A depressingly relevant illustration is Juicy J’s single “Ice.” The uninspired video fails to capitalise on three of the most charismatic major players in rap. The legendary Memphis misogynist rhyming alongside Dungeon Family’s emotional cyborg Future and the A$AP Mob’s sole creative Ferg sounds vibrant in theory. Unfortunately the clip, which premiered on Worldstar, doesn’t feature a frostbitten Future surrounded by mean-mugging snowmen. Cold, sterile and coma inducing, it barely packs anything interesting at all.

The trio unexplainably recite verses in a disused warehouse and on neon lit stairs. They fulfil the metaphor of wearing diamond-frosted jewellery (ice, geddit?) and for some reason lingerie babes pose seductively between scenes.
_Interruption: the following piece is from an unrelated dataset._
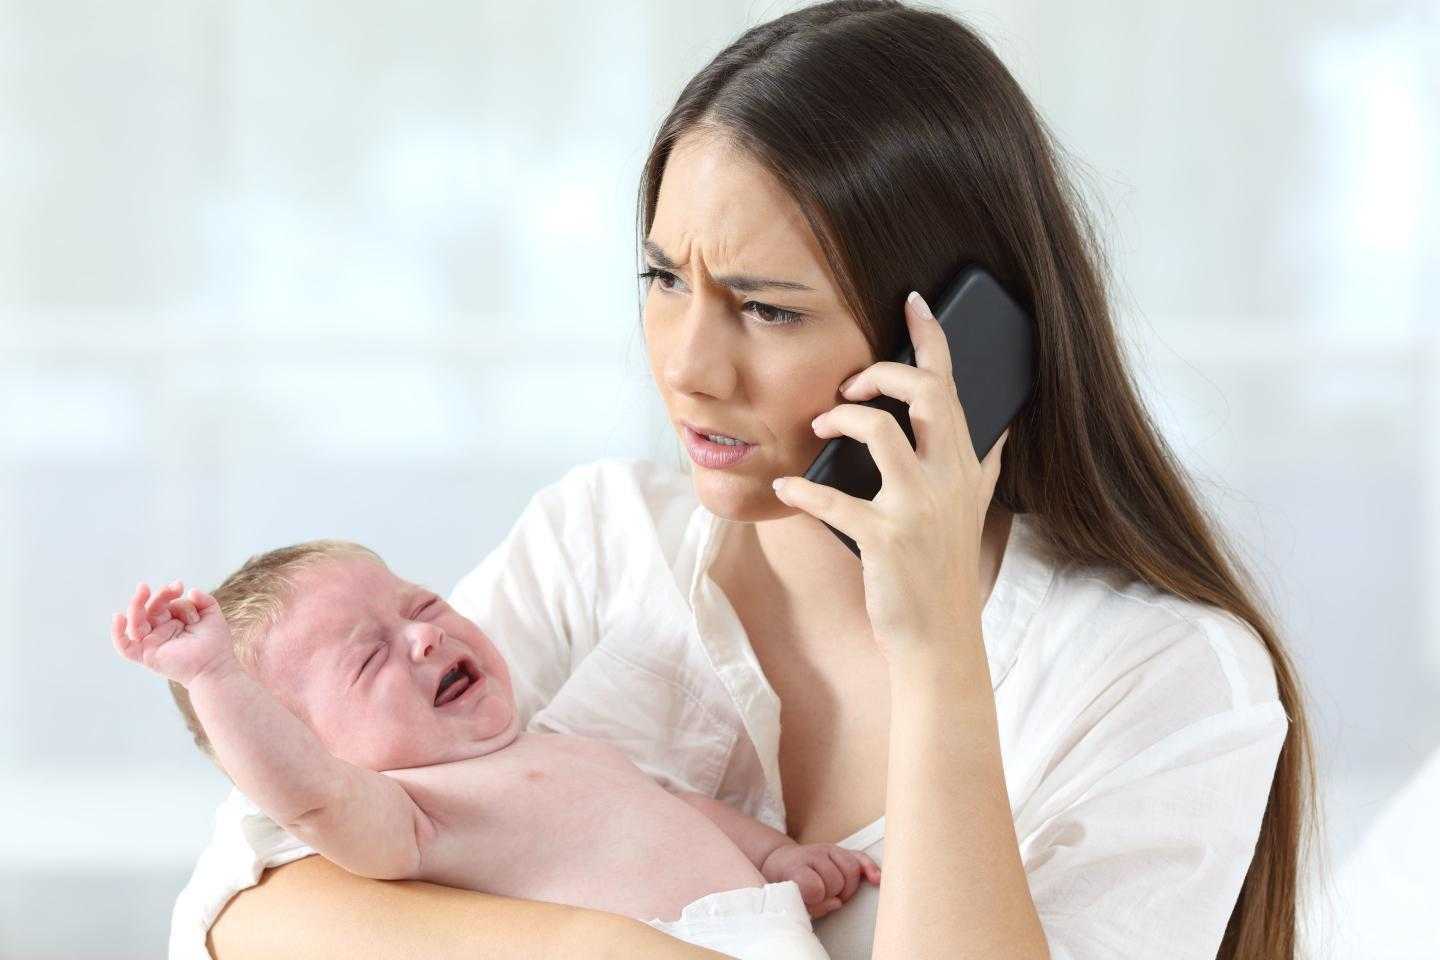 мама взволнована , младенец плачет, звонит врачу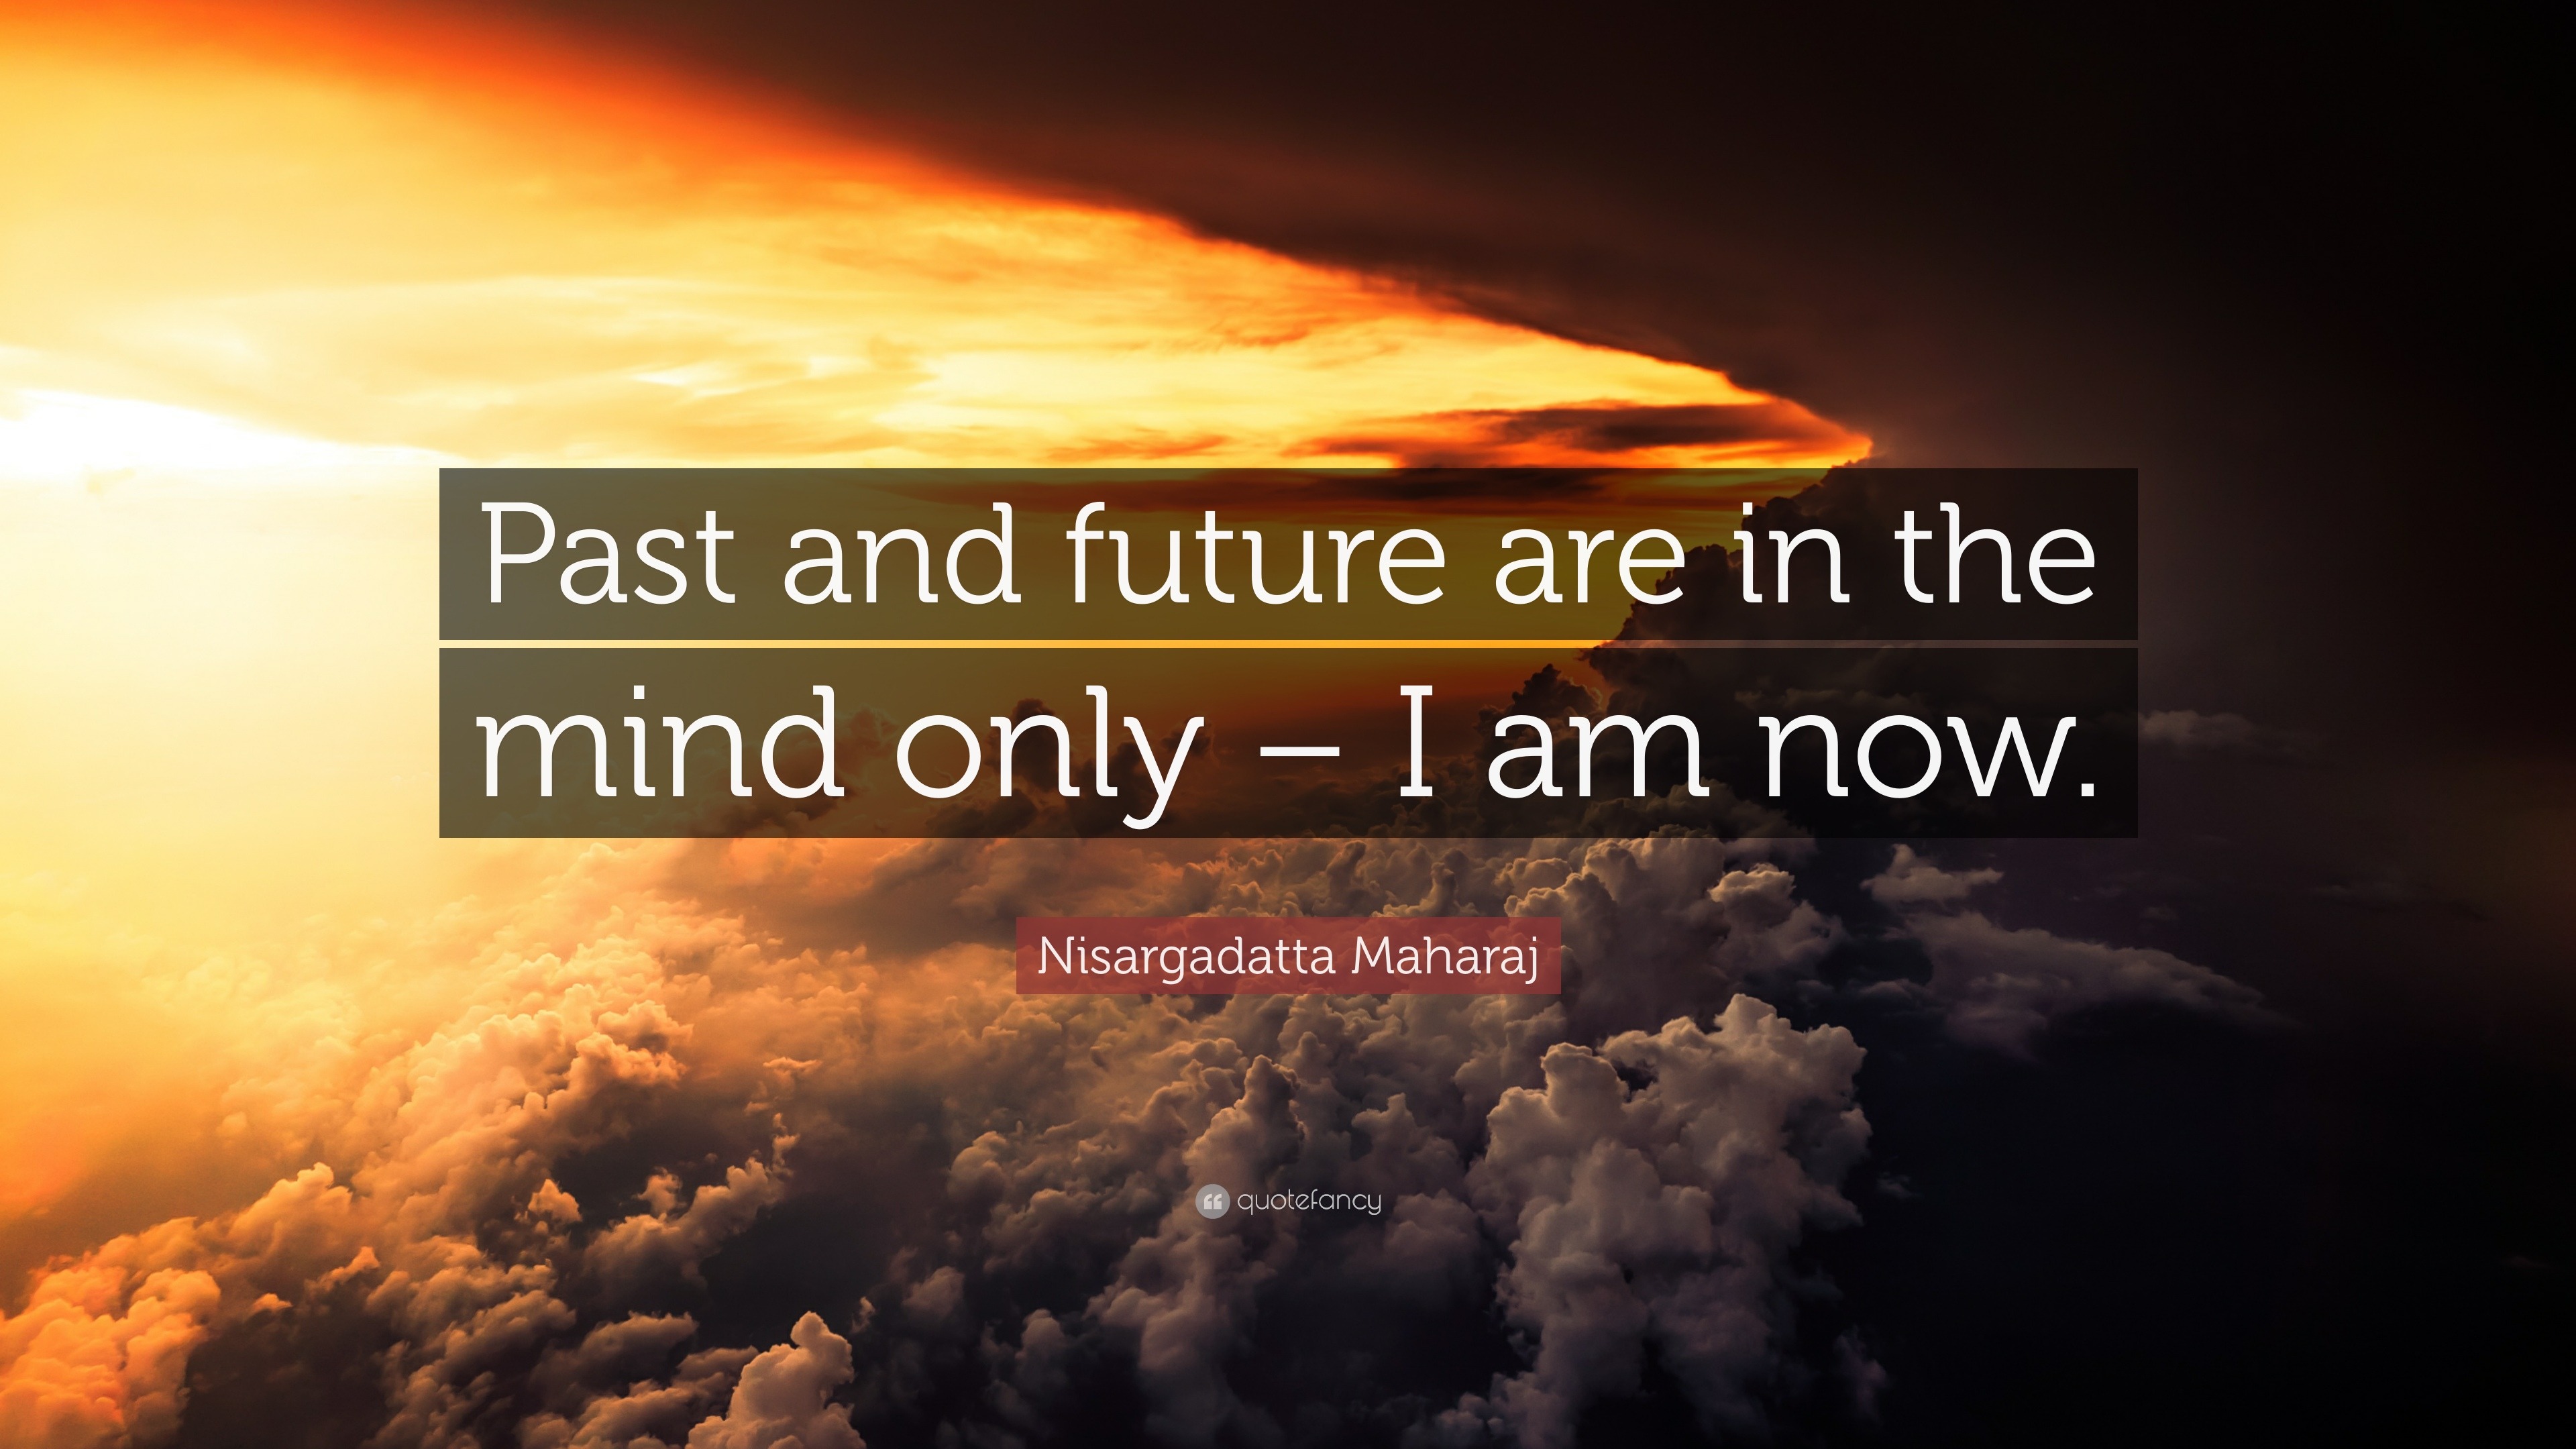 Nisargadatta Maharaj Quote: "Past and future are in the ...

In a storyboard that any armchair rap fan would have conjured in five minutes, the only quirky surprise is Juicy’s Brazzers t-shirt and a quick glimpse of celebrity jeweller TV Johnny.

Posted on popular blogs and delegated to page two within half a day, a new uninspired video is released as quickly as yesterday’s is forgotten. Nicki Minaj’s cartoonish booty showcase “Anaconda” sabotages attempted creativity by including excessive product placement. The hypersexual clip randomly features dancers in front of a huge sign for fruit-infused Moscato brand MYX Fusions, the detox tea MateFit, a Beats Pill speaker and VSX workout gear.

G-Unit might have gone independent, but they’re not doing much better. On recent track “Watch Me,” Eif Rivera resorts to his familiar method of using quick cut scene changes to disguise zero interesting concepts. Nausea inducing editing can’t compensate for the rapping in a hallway cliché or the cheesy drummer pretending to play the “rock inspired” beat.

Some modern artists do get it right though. Missy Elliot, involved in some of the most bizarre and well-choreographed visuals of all time, has recently directed two great flicks for her artist Sharaya J. Vice nailed a potential video of the year for Action Bronson’s “Easy Rider”.

What most rap videos are missing is some unpredictability – a cool surprise or the willingness of the director to push the artist to do something different. Despite our unlimited appetite for content, some images don’t fade once the press cycle is finished. We remember Ghostface’s hat, T.I rapping in front of Shawty Lo’s projects and Pimp C burning dollar bills. Music videos should be treated as an art form not a necessary rehash of the same ideas.